How To Remake The World

A new offering by Orbis Books

A proven answer to our most difficult social problems is underway, and it begins locally. This is a way to heal racial tensions, create bonds of friendship, and cure the loneliness and depression that blights our communities. How to Remake the World Neighborhood By Neighborhood tells the story of Community Renewal International (CRI), an organization that has built a movement to include cities across the United States and Africa. Where it takes root, crime rates plummet and people come out of their homes to lead happier lives, feeling safe and loved. “You have the premier community renewal building model in the nation. I’ve never seen a more exciting opportunity than what I see here in Shreveport.” – the late Millard Fuller, founder, Habitat for Humanity “A lot of cities are struggling to build community and CRI is a model for what cities all across America need. I applaud you.” – Paul Farmer, executive director and CEO, American Planning Association (Retired)

We CAN Remake The World

Mack McCarter

(Excerpt from Chapter One)

The fundamental challenge facing humankind is the repetitive failure of our societies to create and grow a total community that incrementally and generationally improves the flourishing of all its members. We have never created a society that is ever renewing itself infinitely. We have never made a society that simply gets better and better and better with limitless possibilities of human development.

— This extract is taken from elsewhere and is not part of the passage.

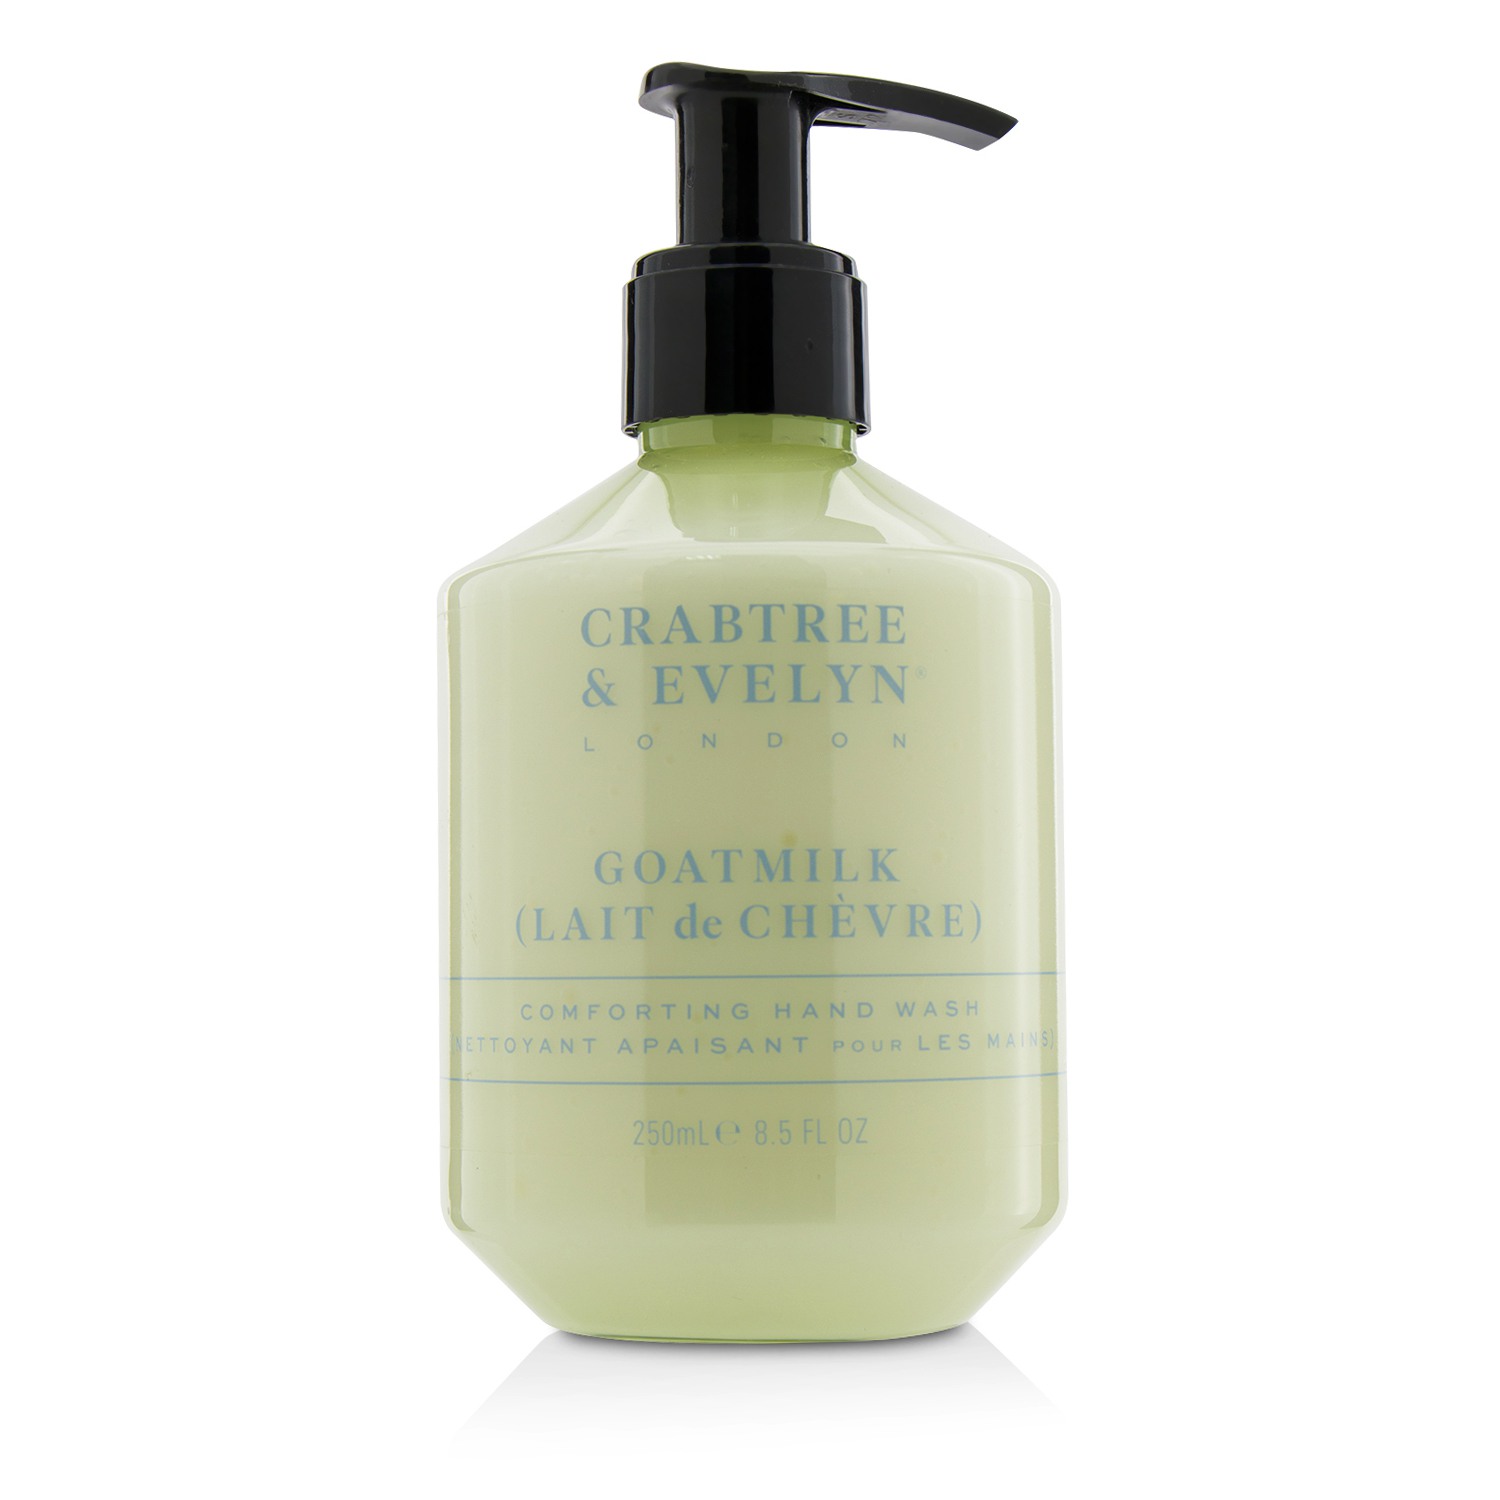 Goatmilk Comforting Hand Wash Crabtree & Evelyn Image

Not only is this true globally, but the history of our human race shows that every major society has gone through continuous cycles of growth and decline and even death. Lurching toward some dream and hope for human betterment only to falter and ultimately fail seems our historical lot.

We are living at a time when our interconnectivity is suddenly more than the incisive imaginings of our prophets and poets. Our entire global family is now binding together in every way possible. What affects one affects all. I did not think at one time that the United States was inextricably connected to what went on in Afghanistan. Indeed, at one time it wasn’t. But then September 11, 2001 came. In that nightmare, I realized that what happens in Afghanistan and now all over the world can and does affect all of us.

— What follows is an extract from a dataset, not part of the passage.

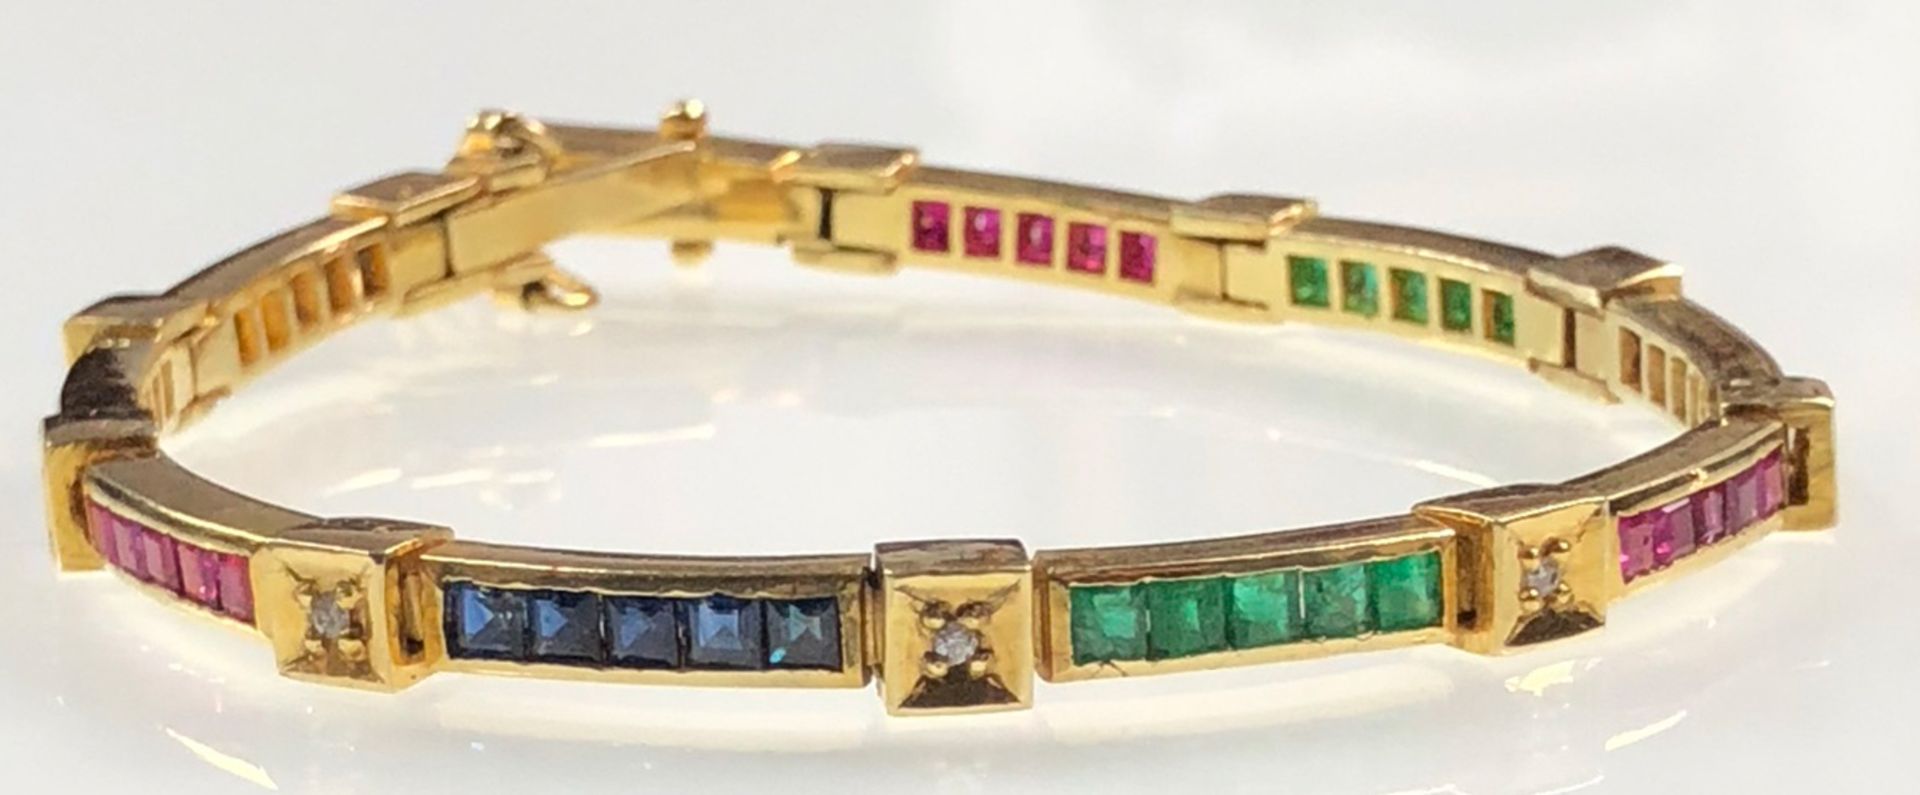 Yellow gold bracelet. Tested 18 carat. Diamonds, sapphires and rubies.

Early in the days of the Covid pandemic, I was reminded of this insight. Never before had I given thought to the economic niceties of production and supply chains in places like China, India, or the Philippines, but as the shelves of my local grocery store ran thin I recalled how irreversibly our world has become interdependent. “No man is an island, entire of itself,” wrote the English poet John Donne in the 16th century, and his words are even more true today.

So the challenge that is now starkly before us, is this: We must come together in such a way that we can create a global society that has learned in its maturity to actually grow better and better human beings contributing to a whole community that is ever improving in all things that touch upon our lives here on planet earth. Because only by acting together as an entire global family in a consciously cooperative way can we possibly have even the remotest chance of securing the health of our planet.

There is no Planet B.

I have devoted my life to finding our way forward in answering this fundamental challenge facing humankind: creating a global society which grows better and better with no stop sign in its future. How in the world can we do that? How can we, of all people, accomplish something that has never been done in our entire history? Indeed, Lewis Mumford, the great seer of human society, lamented the chief enigma of history: why do we keep collapsing the societies we construct? So is it possible? Can we do it?

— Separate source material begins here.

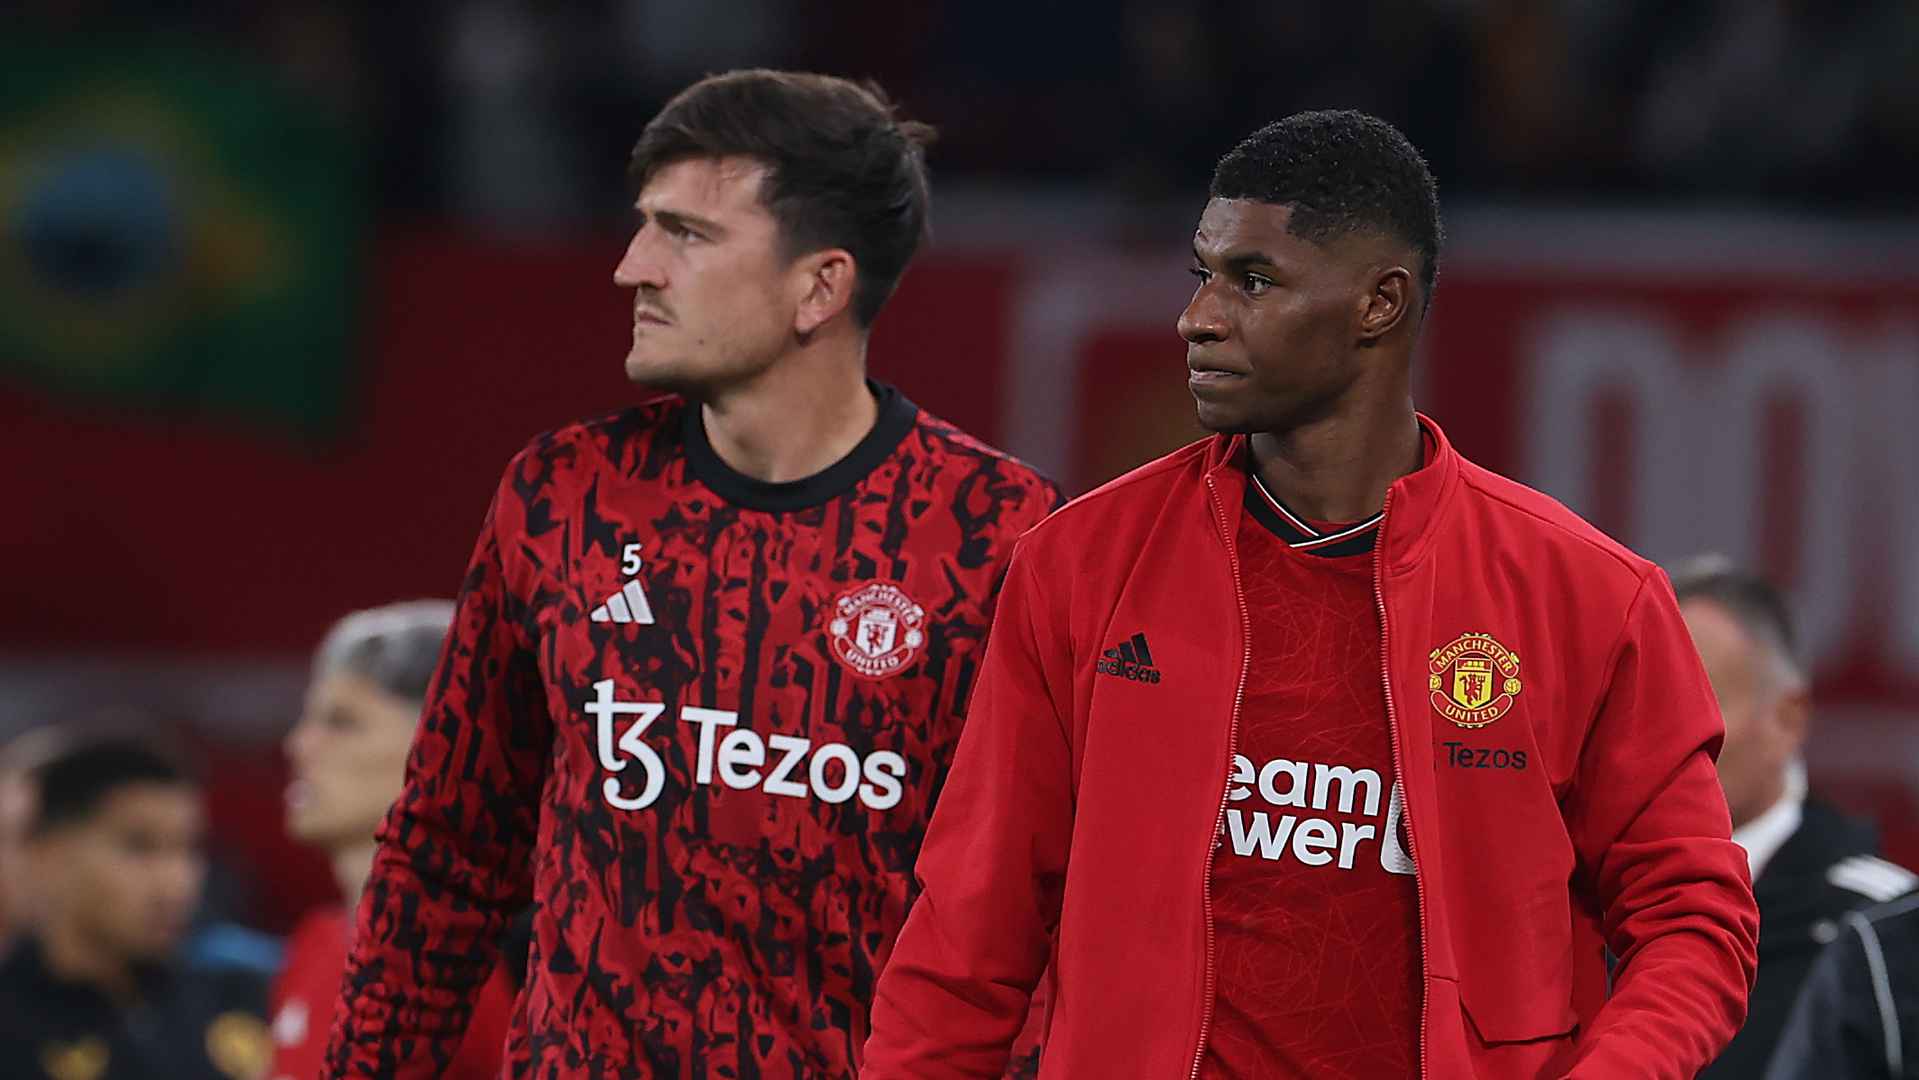 England international squad announced with Man Utd Harry Maguire and Marcus Rashford in it

Over the past three decades I’ve become convinced that the answer is through connecting caring people. My home town of Shreveport, Louisiana, is proof that caring for each and all works, because it responds to the most fundamental longings of the human heart. In these pages, I’ll share the story of how connecting people together who care for one another has transformed entire neighborhoods of the city, giving people hope and helping to rebuild lives. Rich and poor; Black, white, and brown; Democrat and Republican; old and young—over 50,000 of my neighbors have joined our movement, and block by block, neighborhood by neighborhood we are remaking the world.